**Required action**
An exact reprint of all the records is the expected answer.

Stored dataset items
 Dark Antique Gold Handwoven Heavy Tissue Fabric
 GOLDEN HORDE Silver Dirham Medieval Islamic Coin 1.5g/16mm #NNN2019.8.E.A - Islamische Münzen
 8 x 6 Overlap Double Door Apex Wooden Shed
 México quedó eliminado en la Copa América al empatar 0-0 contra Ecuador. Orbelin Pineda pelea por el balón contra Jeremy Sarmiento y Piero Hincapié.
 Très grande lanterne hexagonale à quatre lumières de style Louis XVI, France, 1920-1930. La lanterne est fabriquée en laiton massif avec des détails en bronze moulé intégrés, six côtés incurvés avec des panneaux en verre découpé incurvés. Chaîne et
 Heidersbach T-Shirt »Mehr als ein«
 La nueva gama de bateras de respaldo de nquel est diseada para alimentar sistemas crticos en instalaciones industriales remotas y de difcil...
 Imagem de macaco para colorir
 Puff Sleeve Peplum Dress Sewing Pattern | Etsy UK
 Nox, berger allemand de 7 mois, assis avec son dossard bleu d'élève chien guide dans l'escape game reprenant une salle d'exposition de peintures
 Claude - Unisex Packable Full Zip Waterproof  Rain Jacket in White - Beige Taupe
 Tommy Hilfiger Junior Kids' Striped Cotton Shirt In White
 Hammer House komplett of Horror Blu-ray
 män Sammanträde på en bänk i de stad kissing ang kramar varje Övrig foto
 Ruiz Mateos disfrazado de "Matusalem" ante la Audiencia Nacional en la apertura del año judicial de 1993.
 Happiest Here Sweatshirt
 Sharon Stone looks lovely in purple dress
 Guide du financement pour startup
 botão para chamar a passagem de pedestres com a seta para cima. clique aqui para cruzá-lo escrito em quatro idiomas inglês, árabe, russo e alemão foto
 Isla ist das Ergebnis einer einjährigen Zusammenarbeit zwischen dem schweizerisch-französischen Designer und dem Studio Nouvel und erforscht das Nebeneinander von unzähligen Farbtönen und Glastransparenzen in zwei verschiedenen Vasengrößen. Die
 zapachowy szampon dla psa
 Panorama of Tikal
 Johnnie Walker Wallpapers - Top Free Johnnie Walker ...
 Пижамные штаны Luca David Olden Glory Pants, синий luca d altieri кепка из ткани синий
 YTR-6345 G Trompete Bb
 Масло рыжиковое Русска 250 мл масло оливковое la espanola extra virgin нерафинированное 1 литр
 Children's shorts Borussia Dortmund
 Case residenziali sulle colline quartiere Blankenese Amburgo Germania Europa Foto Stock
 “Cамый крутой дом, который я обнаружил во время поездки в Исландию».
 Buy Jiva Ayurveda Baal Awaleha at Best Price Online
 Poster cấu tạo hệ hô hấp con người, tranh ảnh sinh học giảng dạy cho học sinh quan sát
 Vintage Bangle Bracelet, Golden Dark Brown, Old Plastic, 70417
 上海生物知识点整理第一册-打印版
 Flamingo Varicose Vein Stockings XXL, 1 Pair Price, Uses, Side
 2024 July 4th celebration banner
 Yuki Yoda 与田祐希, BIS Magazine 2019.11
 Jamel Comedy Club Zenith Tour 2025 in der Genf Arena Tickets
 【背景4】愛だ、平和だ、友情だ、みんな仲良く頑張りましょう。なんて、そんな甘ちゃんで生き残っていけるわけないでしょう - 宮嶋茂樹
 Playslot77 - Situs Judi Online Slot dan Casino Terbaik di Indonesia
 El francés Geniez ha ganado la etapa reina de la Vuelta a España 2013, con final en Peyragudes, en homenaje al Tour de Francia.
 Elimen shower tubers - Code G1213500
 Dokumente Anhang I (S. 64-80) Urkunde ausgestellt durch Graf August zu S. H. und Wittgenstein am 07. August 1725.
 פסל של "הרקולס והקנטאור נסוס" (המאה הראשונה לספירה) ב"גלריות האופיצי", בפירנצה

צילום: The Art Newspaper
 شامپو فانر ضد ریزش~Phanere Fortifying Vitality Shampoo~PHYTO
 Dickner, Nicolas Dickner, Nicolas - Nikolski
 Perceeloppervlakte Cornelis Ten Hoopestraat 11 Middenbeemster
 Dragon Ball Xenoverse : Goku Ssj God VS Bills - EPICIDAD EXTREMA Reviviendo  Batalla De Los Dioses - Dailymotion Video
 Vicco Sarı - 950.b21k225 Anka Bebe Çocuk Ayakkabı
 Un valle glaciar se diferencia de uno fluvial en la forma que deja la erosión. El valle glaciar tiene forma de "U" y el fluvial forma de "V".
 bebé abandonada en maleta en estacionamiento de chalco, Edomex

**Output of the exercise**
 Dark Antique Gold Handwoven Heavy Tissue Fabric
 GOLDEN HORDE Silver Dirham Medieval Islamic Coin 1.5g/16mm #NNN2019.8.E.A - Islamische Münzen
 8 x 6 Overlap Double Door Apex Wooden Shed
 México quedó eliminado en la Copa América al empatar 0-0 contra Ecuador. Orbelin Pineda pelea por el balón contra Jeremy Sarmiento y Piero Hincapié.
 Très grande lanterne hexagonale à quatre lumières de style Louis XVI, France, 1920-1930. La lanterne est fabriquée en laiton massif avec des détails en bronze moulé intégrés, six côtés incurvés avec des panneaux en verre découpé incurvés. Chaîne et
 Heidersbach T-Shirt »Mehr als ein«
 La nueva gama de bateras de respaldo de nquel est diseada para alimentar sistemas crticos en instalaciones industriales remotas y de difcil...
 Imagem de macaco para colorir
 Puff Sleeve Peplum Dress Sewing Pattern | Etsy UK
 Nox, berger allemand de 7 mois, assis avec son dossard bleu d'élève chien guide dans l'escape game reprenant une salle d'exposition de peintures
 Claude - Unisex Packable Full Zip Waterproof  Rain Jacket in White - Beige Taupe
 Tommy Hilfiger Junior Kids' Striped Cotton Shirt In White
 Hammer House komplett of Horror Blu-ray
 män Sammanträde på en bänk i de stad kissing ang kramar varje Övrig foto
 Ruiz Mateos disfrazado de "Matusalem" ante la Audiencia Nacional en la apertura del año judicial de 1993.
 Happiest Here Sweatshirt
 Sharon Stone looks lovely in purple dress
 Guide du financement pour startup
 botão para chamar a passagem de pedestres com a seta para cima. clique aqui para cruzá-lo escrito em quatro idiomas inglês, árabe, russo e alemão foto
 Isla ist das Ergebnis einer einjährigen Zusammenarbeit zwischen dem schweizerisch-französischen Designer und dem Studio Nouvel und erforscht das Nebeneinander von unzähligen Farbtönen und Glastransparenzen in zwei verschiedenen Vasengrößen. Die
 zapachowy szampon dla psa
 Panorama of Tikal
 Johnnie Walker Wallpapers - Top Free Johnnie Walker ...
 Пижамные штаны Luca David Olden Glory Pants, синий luca d altieri кепка из ткани синий
 YTR-6345 G Trompete Bb
 Масло рыжиковое Русска 250 мл масло оливковое la espanola extra virgin нерафинированное 1 литр
 Children's shorts Borussia Dortmund
 Case residenziali sulle colline quartiere Blankenese Amburgo Germania Europa Foto Stock
 “Cамый крутой дом, который я обнаружил во время поездки в Исландию».
 Buy Jiva Ayurveda Baal Awaleha at Best Price Online
 Poster cấu tạo hệ hô hấp con người, tranh ảnh sinh học giảng dạy cho học sinh quan sát
 Vintage Bangle Bracelet, Golden Dark Brown, Old Plastic, 70417
 上海生物知识点整理第一册-打印版
 Flamingo Varicose Vein Stockings XXL, 1 Pair Price, Uses, Side
 2024 July 4th celebration banner
 Yuki Yoda 与田祐希, BIS Magazine 2019.11
 Jamel Comedy Club Zenith Tour 2025 in der Genf Arena Tickets
 【背景4】愛だ、平和だ、友情だ、みんな仲良く頑張りましょう。なんて、そんな甘ちゃんで生き残っていけるわけないでしょう - 宮嶋茂樹
 Playslot77 - Situs Judi Online Slot dan Casino Terbaik di Indonesia
 El francés Geniez ha ganado la etapa reina de la Vuelta a España 2013, con final en Peyragudes, en homenaje al Tour de Francia.
 Elimen shower tubers - Code G1213500
 Dokumente Anhang I (S. 64-80) Urkunde ausgestellt durch Graf August zu S. H. und Wittgenstein am 07. August 1725.
 פסל של "הרקולס והקנטאור נסוס" (המאה הראשונה לספירה) ב"גלריות האופיצי", בפירנצה

צילום: The Art Newspaper
 شامپو فانر ضد ریزش~Phanere Fortifying Vitality Shampoo~PHYTO
 Dickner, Nicolas Dickner, Nicolas - Nikolski
 Perceeloppervlakte Cornelis Ten Hoopestraat 11 Middenbeemster
 Dragon Ball Xenoverse : Goku Ssj God VS Bills - EPICIDAD EXTREMA Reviviendo  Batalla De Los Dioses - Dailymotion Video
 Vicco Sarı - 950.b21k225 Anka Bebe Çocuk Ayakkabı
 Un valle glaciar se diferencia de uno fluvial en la forma que deja la erosión. El valle glaciar tiene forma de "U" y el fluvial forma de "V".
 bebé abandonada en maleta en estacionamiento de chalco, Edomex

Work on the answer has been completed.